Change is a funny thing. Either it takes place all of a sudden like it did with the collapse of the Soviet Union or the ouster of Egypt’s Hosni Mubarak, or it is a long, drawn out process that takes years to culminate. For the Palestinians, the latter is the obvious case.
The Palestinian struggle for independence from Israeli rule is decades old and has taken many shapes and forms. Through it all, Israel’s image as a democracy and free society has managed to remain intact, despite its continued occupation of Palestine and its refusal to recognize the refugee problem which it created.
While this image is still largely unharmed, cracks in its surface are beginning to show, which inversely means the quest for Palestinian statehood may be drawing nearer. Israel, in fact, is a democracy, at least for its Jewish population. However, more and more of the world is beginning to realize that a true democracy cannot also be an occupying power through which it subjugates an entire nation and deprives it of even the most basic human rights, freedom and dignity in particular.
Israel’s image has been unchallenged for years. The idea that Israel –” the so-called biblical homeland for the Jews –” could be anything but a safe haven for all those who lived there, was unacceptable. Today, as Palestinians make more noise and assert themselves as a nation deserving of freedom, Israel’s perfect image is showing signs of distress. And the best way to gauge that level of distress is to monitor Israel’s reactions to events that reflect this new reality.
Take for example Israel’s recent passing of the Boycott Law, which stipulates that anyone who boycotts Israel or even Israeli settlements can be penalized and taken to court by the target of the boycott. There is nothing democratic about banning a boycott, long recognized as a civilized, nonviolent means of protest. Many Israelis realize this and are protesting the boycott, not necessarily on the grounds of the settlements’ illegality but for the democratic preservation of Israel’s character. Even the United States, Israel’s most loyal “blind eye” advocate, found the boycott law difficult to swallow.
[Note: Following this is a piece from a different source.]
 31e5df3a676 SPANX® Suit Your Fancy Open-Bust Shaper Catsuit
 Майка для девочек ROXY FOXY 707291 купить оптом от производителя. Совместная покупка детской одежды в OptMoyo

"Freedom of expression, including freedom to peacefully organize and protest, is a basic right under democracy," a State Department official said on July 12. "It is a right that the American people hold dear and it is among the democratic values that the Israeli and American people have long shared." In other words, take the hint, Israel. This is not cool with America.
The Jerusalem march, which took place on July 15, is another example that things may be falling apart for Israel’s rightist government. Thousands of mostly Israelis took to the streets of the city waving Palestinian flags and calling for an independent Palestinian state. For Palestinians, the mere sight of the Palestinian flag raised in Jerusalem is enough to make the heart dance since Israeli authorities have long outlawed it in the occupied city.
A few handfuls of left-wing Israelis go to Sheikh Jarrah every week to protest the takeover of Palestinian houses by Jewish settlers but the sheer number that took to the streets last Friday was incredible and a reflection of the gradual shift in mainstream Israeli thinking. Not many are happy with the way Israeli Prime Minister Benjamin Netanyahu is conducting state affairs, saying his policies are counterproductive to Israel irrespective of their ramifications on the Palestinians.
Then there was the Freedom Flotilla and later the “Flytilla” into Ben Gurion Airport, which Israel squashed with an iron hand. Israel’s overreaction was so exaggerated, it most likely helped the campaign rather than harmed it. It also showed Israel’s true “democratic” colors once again. The peace activists simply declared their intention to visit Palestine if and when they were asked by the airport’s border control officers. In response, Israel called them “provocateurs” and “hooligans” trying to undermine the sovereignty of the state. The activists were either deported or not allowed to board in Europe. And thanks to social media, cameras, televisions and the internet, the world knows all about it and is gradually questioning the legitimacy of so many of Israel’s bogus claims regarding Palestinians.
This will all come together in September. With the cracks in Israel’s façade growing wider by the day, only time will tell whether it will be enough for the world to come together to support Palestinian statehood. The United States has strongly hinted it would boycott any resolution calling for the recognition of Palestine along the 1967 borders. This “indefensible” position is not necessarily because of the United States’ lack of endorsement of a Palestinian state so much as it is its usual indiscriminate support for Israel. However, if Israel continues to prove its intransigence in both the peace process and even in terms of these “shared values” of democracy, come September, the US just may have a change of heart.